Rain has cash equivalents worth of 1168 Cr and quarterly interest payment seems to be off 113 Cr. So they can keep paying interest for some time. but What about capex plans? Do they have any debt principal payment in next year? I think there might also be working capital cycle elongation, which can take some of the cash away. – I have covered for this on annual basis already above and they have sufficient cover. On WC elongation- yes can impact them but by how much is hard to quantify.
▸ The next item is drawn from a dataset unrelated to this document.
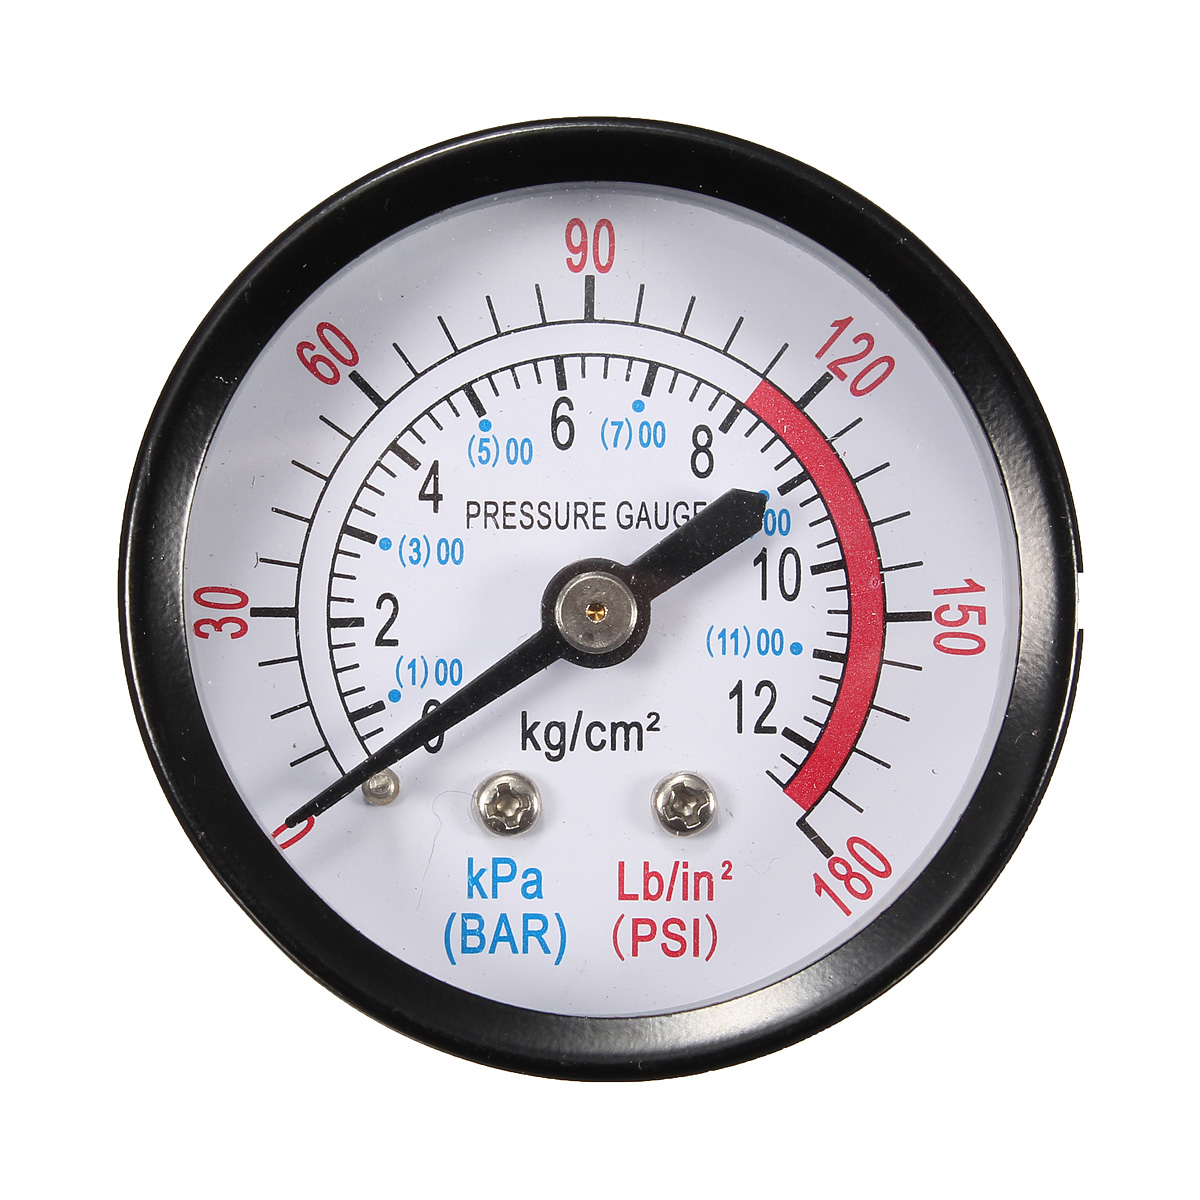 New 0-180PSI Air Compressor Pneumatic Hydraulic Fluid Pressure Gauge 0-12Bar \

If you look at their latest comment on this “Working capital has continued to be a source of cash for us in the year, and until prices stop falling and the new projects become operational, we expect this trend to continue.” Remember this was because of the high cost inventory before this quarter & they almost extinguished all of it.
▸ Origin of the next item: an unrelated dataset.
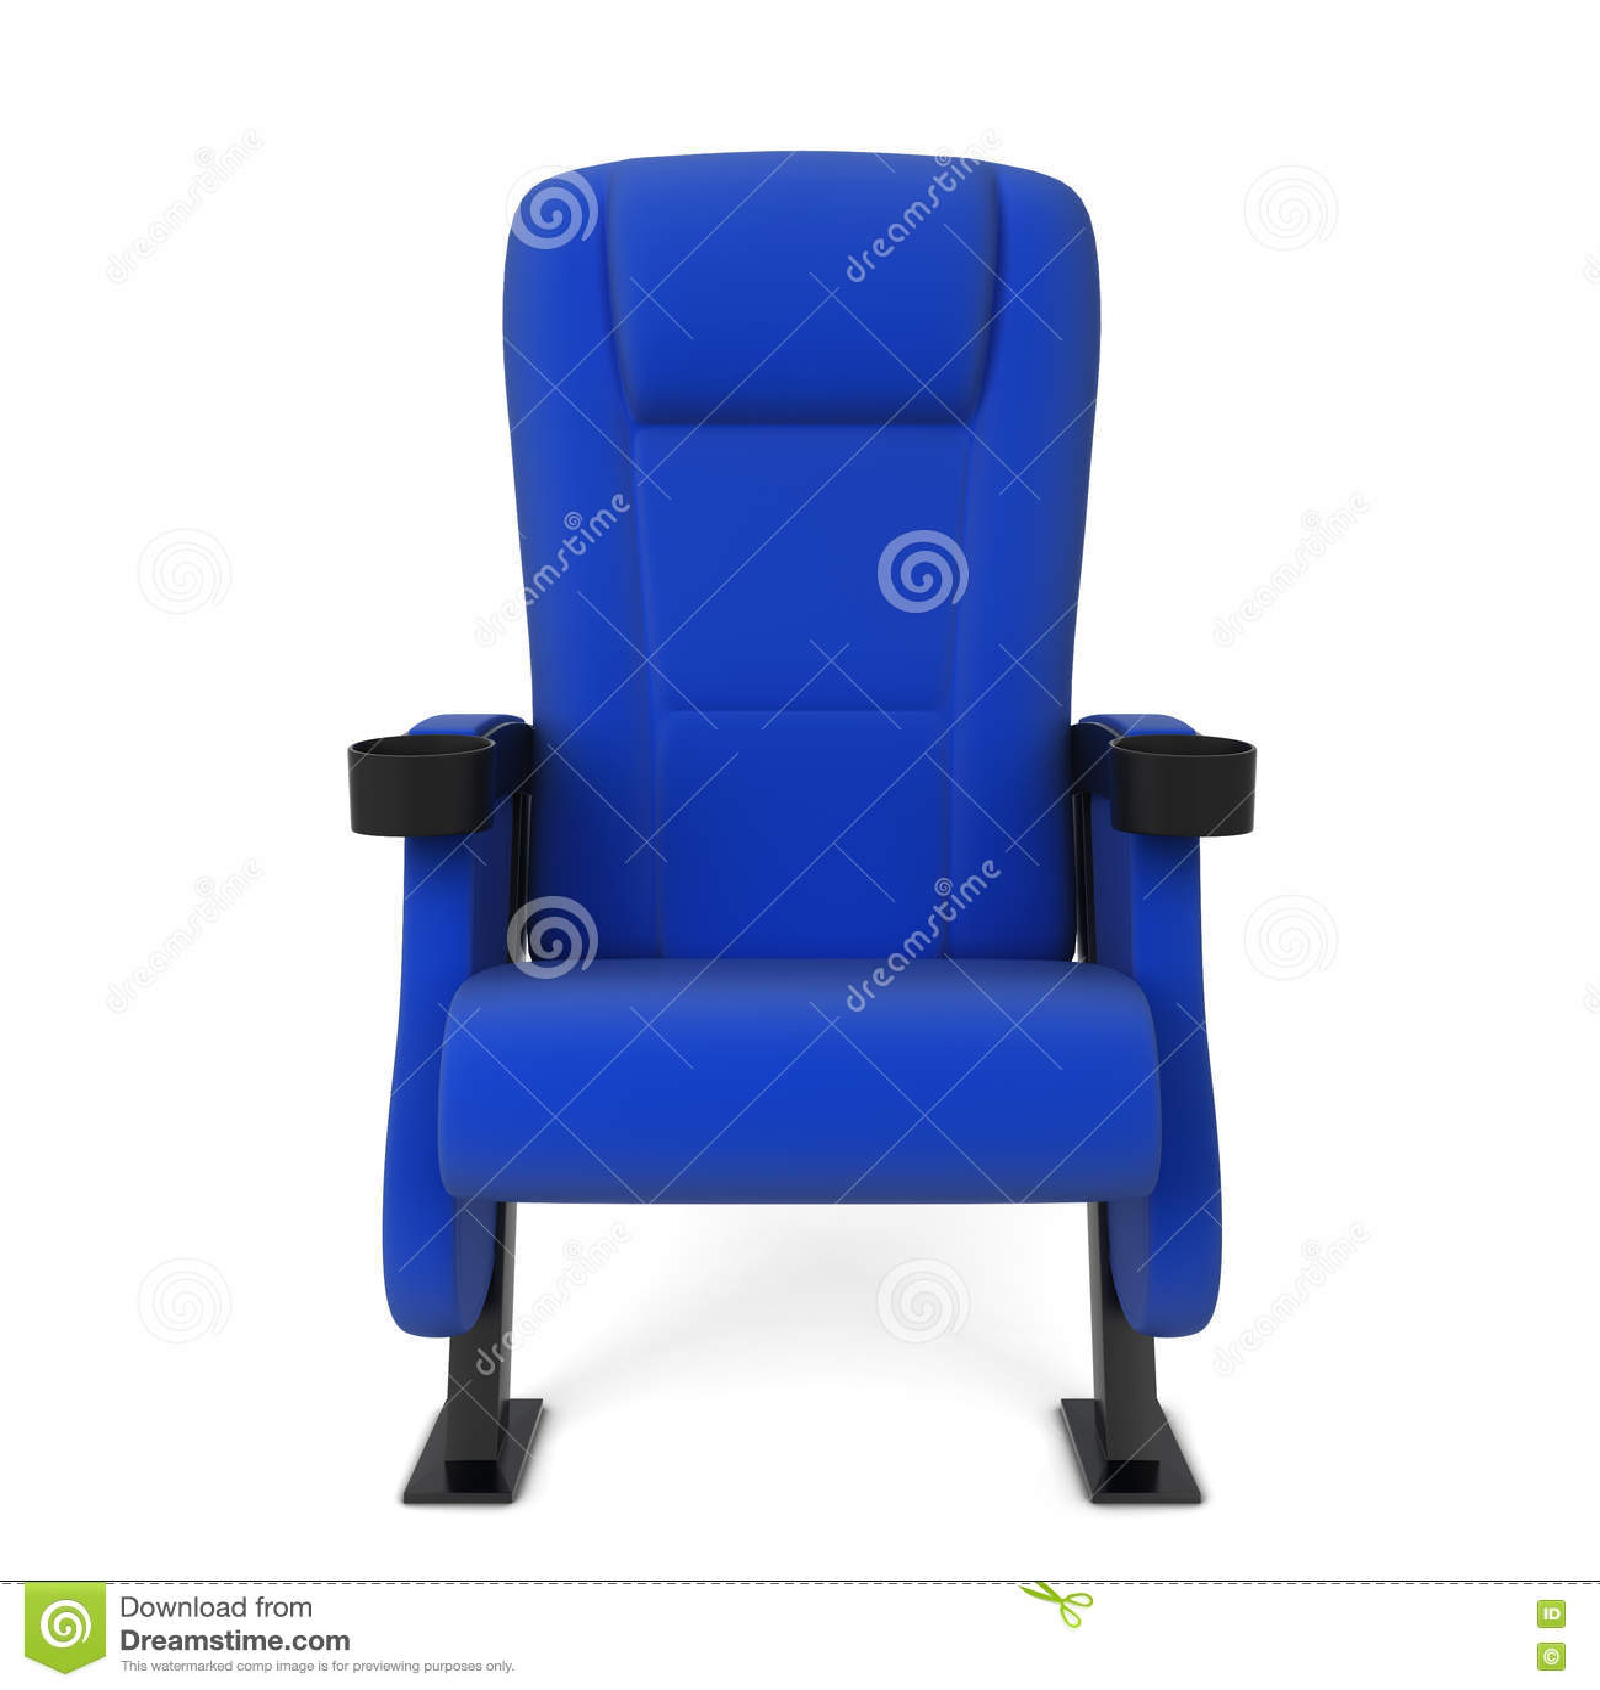 Cinema chair stock illustration  Illustration of armchair - 82210105

Sources used: 1) https://www.rain-industries.com/assets/pdf/rainindustrieslimitedpressreleaseonafr31122019_20200228095840.pdf
2) https://www.rain-industries.com/assets/pdf/consolidated-afr-31.12.2019_20200228095710.pdf
3) https://www.rain-industries.com/assets/pdf/rainindustrieslimitedearningscalltranscriptonafr31122019_20200305104502.pdf

6 Likes

There is no data specifically called out in the AR related to GCC. Its a smaller portion (6-7%) of the total revenue (Carbon & Advanced materials) from this geography.
image
For the carbon segment:


You can check out more commentary on their 2018 AR, which is the latest they have. this is from Page 57 on their AR. Source: https://www.rain-industries.com/assets/pdf/rain-industries-limited-44th-annual-report-for-financial-year-ended-31-12-2018_20190409110232.pdf

even if there is a competition by new emerging players in the carbon segment, Rain’s ability to generate & satisfy custom specs need for these smelters, at a competitive cost will be a big advantage.